Marcel Winatschek

Mickey

Disney is evil. Not in a fun, exaggerated way—evil in the way that most large institutions are evil. NDAs that keep employees quiet. Control mechanisms. A business model built on conditioning people’s emotional expectations. It works especially well on girls. They absorb the princess narratives young enough that it becomes structural. Later, they expect their actual relationships to match what Disney taught them, which is impossible.

Dating someone who grew up on Disney means committing to the whole thing. There’s an unspoken contract: watch the films, let them destroy you at the right moments, perform enjoyment of the Disney universe. By the third viewing of The Lion King, your defenses are gone and you’re crying at Mufasa and you don’t even care anymore. That’s the victory. Disney wins.

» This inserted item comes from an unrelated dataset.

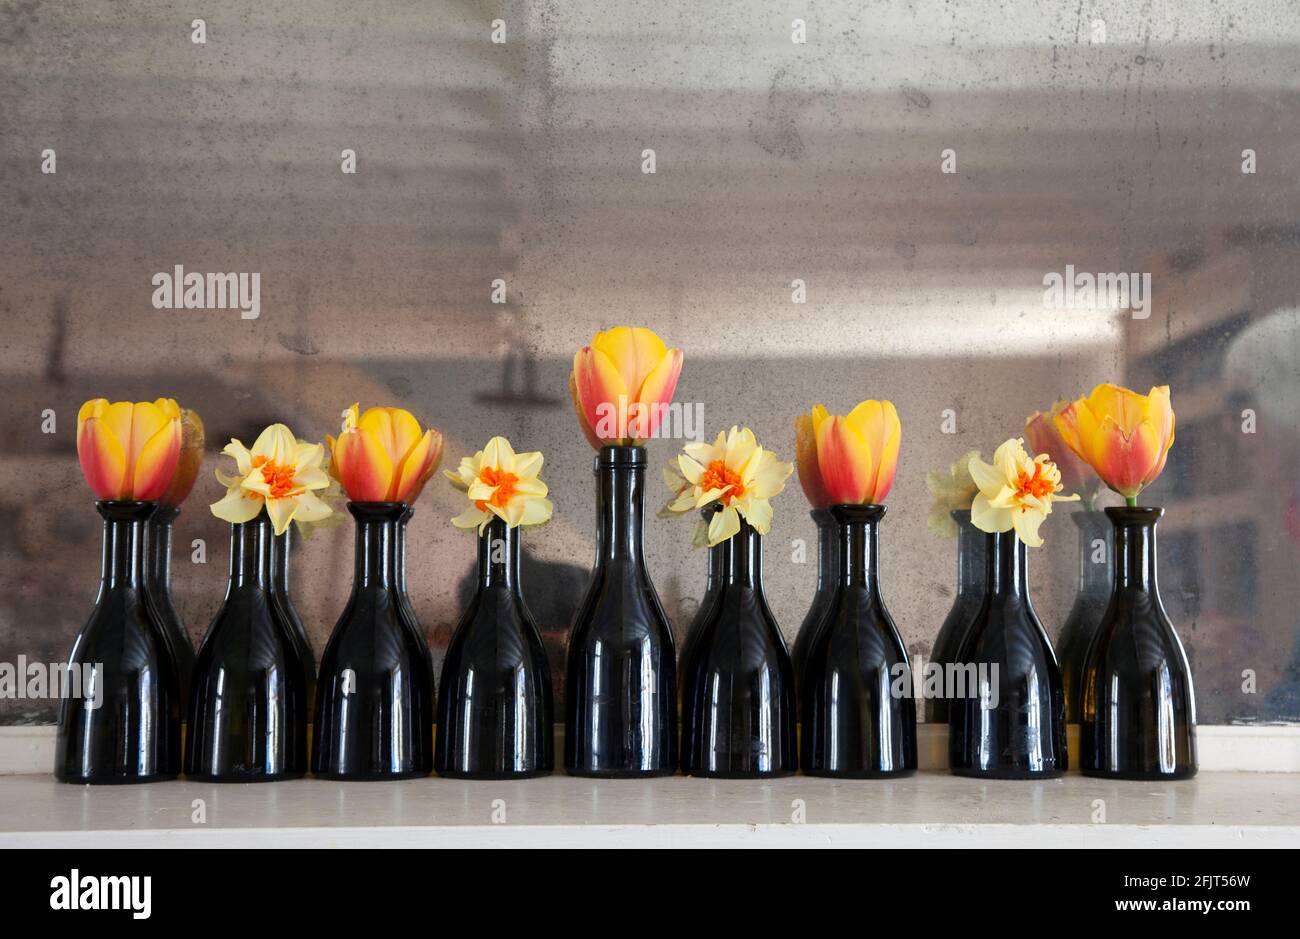 Tulipanes y narcisos en botellas de vinagre balsámico de Lidl Foto de stock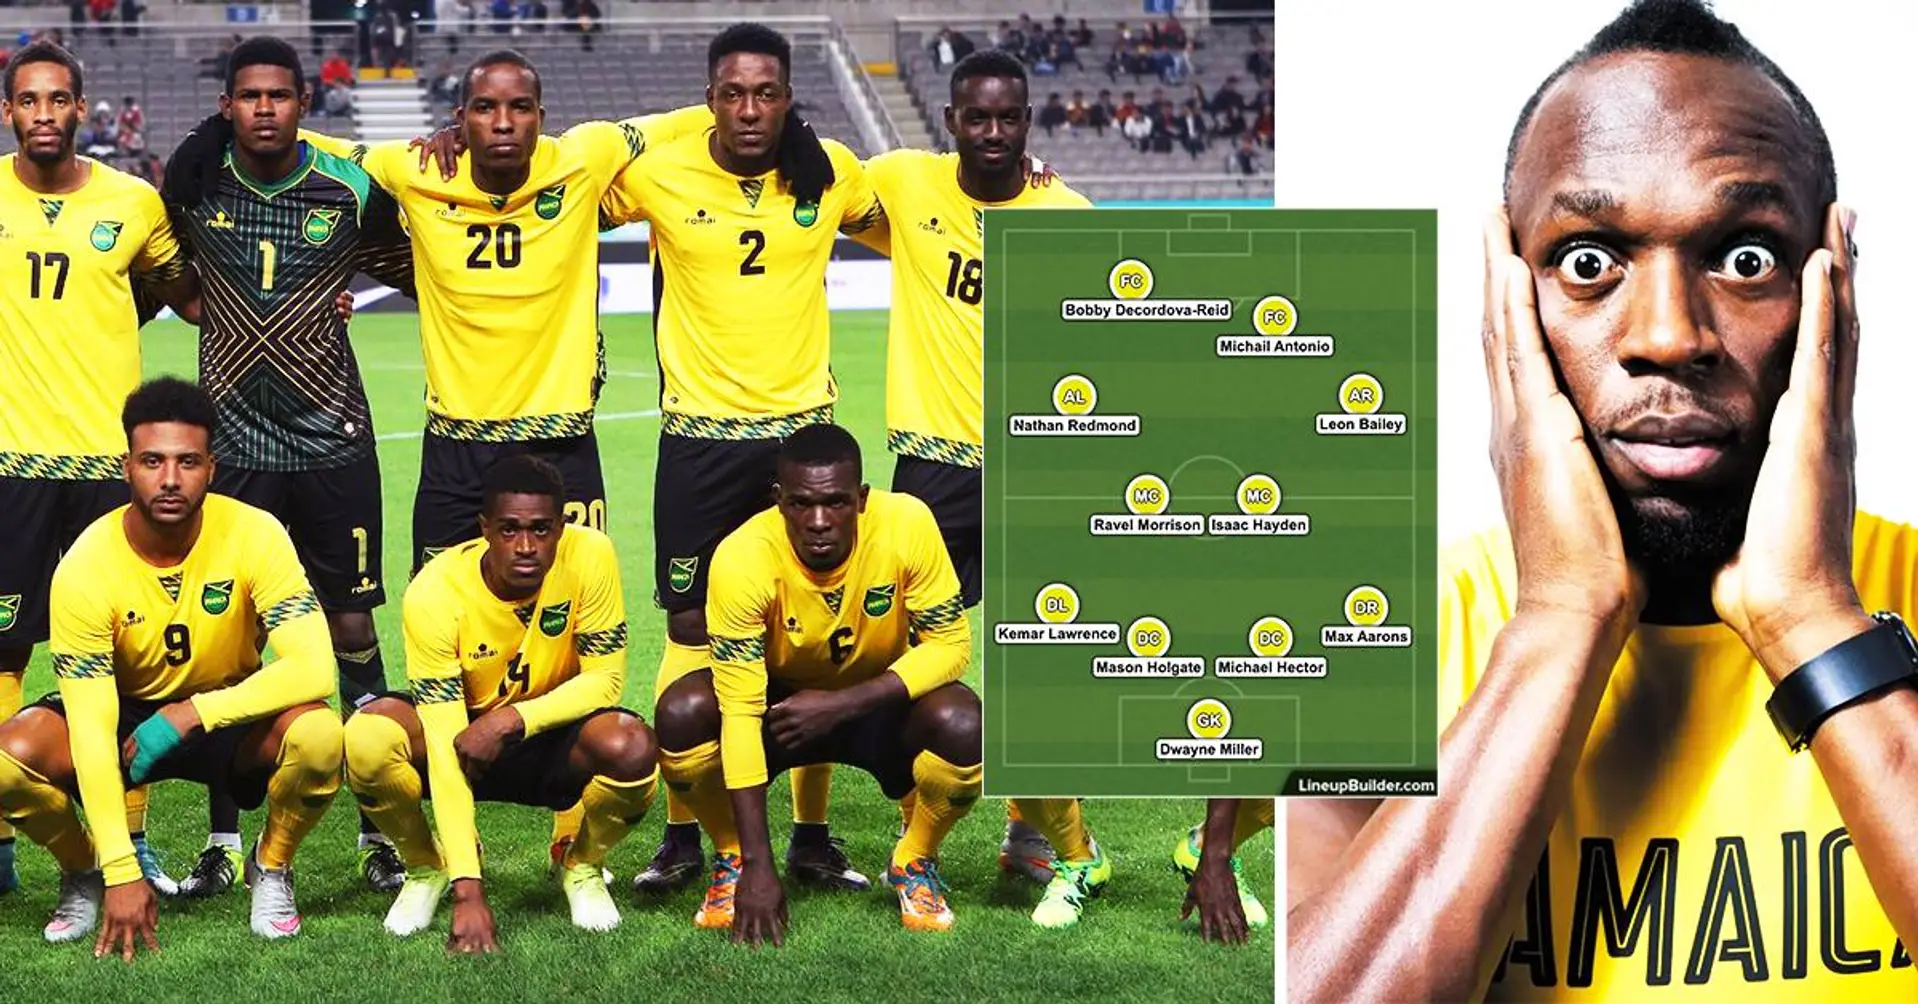 "Ils vont surprendre tout le monde à la Coupe du monde": Le onze de départ potentiel de la Jamaïque excite les fans de football

It always wins.

I grew up on it too, so I can’t really judge. I was small, waking up early to watch Darkwing Duck, Captain Balu—those cartoons that pump courage and friendship directly into your brain before you know what’s happening. The messages stuck. They were supposed to stick. I remember learning from them in the way you only learn as a kid, without realizing you’re learning. It wasn’t like Dragon Ball Z, where it’s just constant violence and yelling. Disney had a point. Disney was trying to teach you something.

I watched Pepper Ann once with an ex—this blonde girl, busty, nothing special—and I was already thinking about someone else. Already knew what I was doing was garbage. Watched the whole episode anyway. Still remember what it was about, like my brain was cataloging the betrayal in real time. Disney does that. Even when you’re doing something you hate yourself for, the message gets through. It sticks.

So I’m grateful to Disney, which is fucked up because I also blame them for everything. They gave me something real as a kid. But they also wired me to expect love to feel like a fairy tale, and they wired every person I’ve cared about the same way. It’s a trap. I’m always going to be the guy who doesn’t measure up to the prince they imagined. I’m always the villain in their story.

And it all focuses on Mickey. That fucking mouse. Those enormous ears. That stupid laugh. The endless Oh boy routine like he’s not just a character but a philosophical position that Disney has decided to torture people with forever. I hate him. Not like hating a bad guy in a movie—actually, genuinely hate him. If I ever saw him in person—if I found myself in Disneyland and that thing appeared in front of me—I don’t trust myself. I really don’t. That mouse is everything Disney did to me, compressed into one ridiculous character. I want to hit it. I want to hit it so hard it stops smiling.